Tuesday, July 21, 2009

Balada mencoba

Kalau kita sudah tekad dan nekad mau mencoba
Berarti harus siap dicoba
Kalau tiba-tiba, “cilukba!”, kegagalan muncul
Nyali yang setengah mati berhasil dibujuk datang
Jangan dibiarkan langsung beres-beres terus cabut

Tinggal lah beberapa malam lagi
Tunggu sebentar, sampai badai berlalu
Kalau memang sampai tiga kali bulan tersenyum
Badai yang mendera tak juga mereda
Berbenah lah pelan-pelan sambil berucap syukur
“Terima kasih atas kesempatan untuk mencoba”

Mungkin memang bukan di sana tempatmu
Bukan di sana hatimu
Tapi setidaknya kita sudah mencoba
Setidaknya satu teka-teki terjawab

Gagal itu luka iris yang ditetesi jeruk
Sakitnya berkali-kali
Tapi bangkit dari kegagalan itu es jeruk yang diteguk di saat haus
Segarnya berjuta-juta

Coba lagi, jangan takut mulai dari awal
Hari masih muda, kekhawatiran yang membuatnya tua
Nasib manusia seperti batu besar yang keras
Akan selamanya jadi tak berarti
Atau jadi berarti selamanya tergantung sekuat apa kita memahatnya

Thursday, July 16, 2009

MIKIR!

Mikir! Peres tuh otak sampe kering ring ring ring. Terus istirahat deh, biarin otak lo seger. Habis itu, peres lagi, lagi, lagi, lagi, dan lagi! Sampe kering, kering, kering lagi! Di dunia ini, gak ada tuh yang namanya orang goblok, yang ada juga orang males. Males mikir. Kalau gitu, males juga lah hidup memberikan kenyamanan ke mereka yang males. “Peduli amat, males gua mikirinnya.” Cibir si hidup enak sambil buru-buru melengos pergi.

Mikir... Kadang mikirinnya aja udah males. Tapi males mikir berarti elo males hidup enak.

Mikir… yaaaaa gak usah terlalu banyak dipikirin deh. Just think! Period. Mikir aje. titik.

You tell your brain what you want it to do, not the other way around.

Fidgety

Sitting alone in this room, I feel like a stranger in my own house. Emptiness feels bitter than ever. Suddenly doubt comes crawling quietly-slowly onto my back, holding, while wickedly putting her lips to my ear and whisper spells to break my defenses.

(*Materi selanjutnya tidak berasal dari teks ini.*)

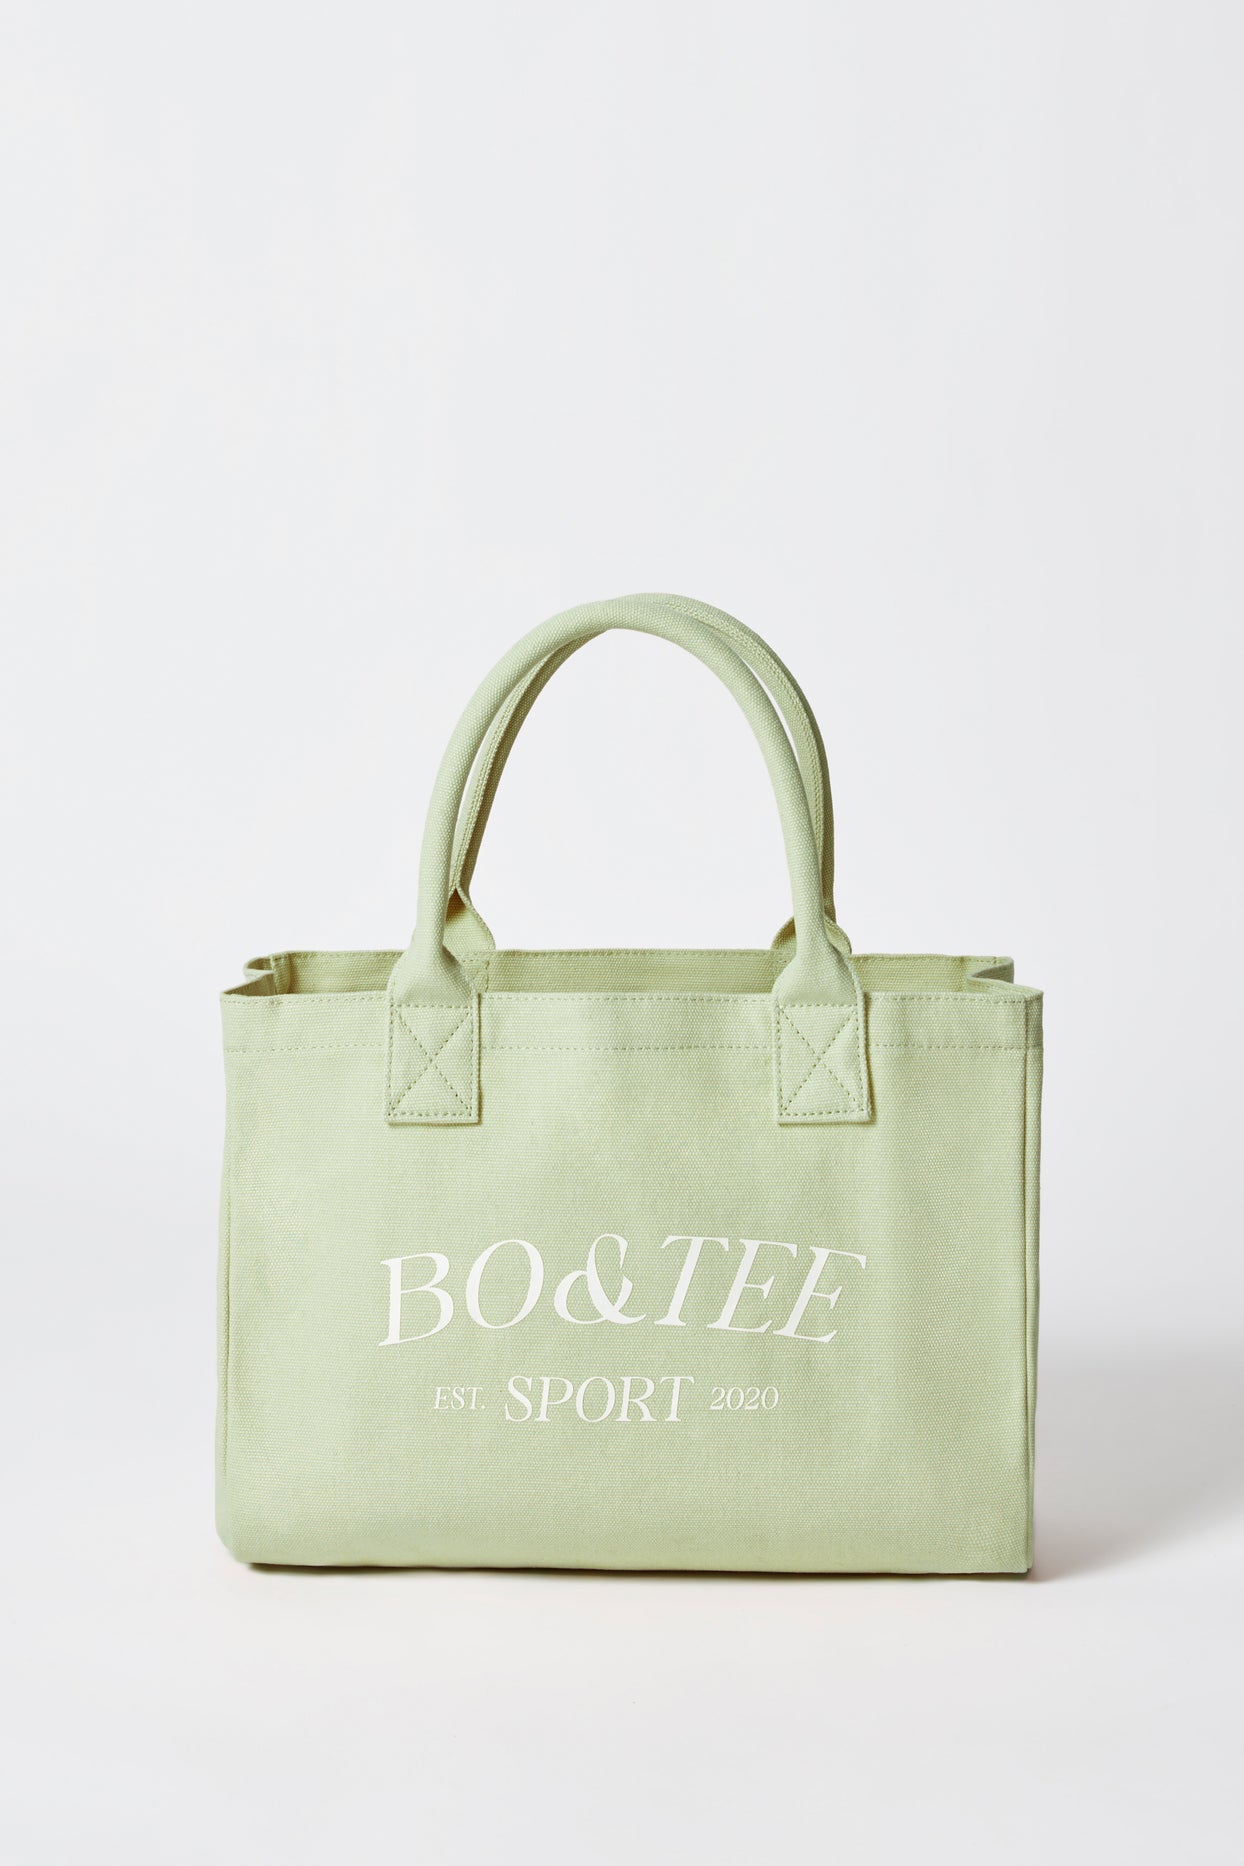 Small Canvas Tote Bag in Lime Green

I woke up and instantly run toward the door. Wanting to feed sunshine-warm to my soul, but outside, all I can found was just darkness. The night has just begun. With bare foot I started walking on to the pavements, passing dark and smelly alleys, toward the crowds; to wherever my heart leads me to.

I saw people I thought I knew become just another faces in the crowd. The things I thought I have, turning into dust in my palm. The road ahead is dark and rocky, I thought I saw light at the end of it, but turns out it's just a vicious flash of the eyes of doubt that lurking behind shadows of the people.

Who am I?

Who are you?

Can we just stop pretending?

Is nowhere, a start? Because I started to questioning, is this the way I want my life to be? Should I change direction and risk everything I have for an unsure reality.

I’m not that strong. I’m not that brave.

Can you just untie your heart and listen to what my heart is dying for?

The night is old and I lost my bold.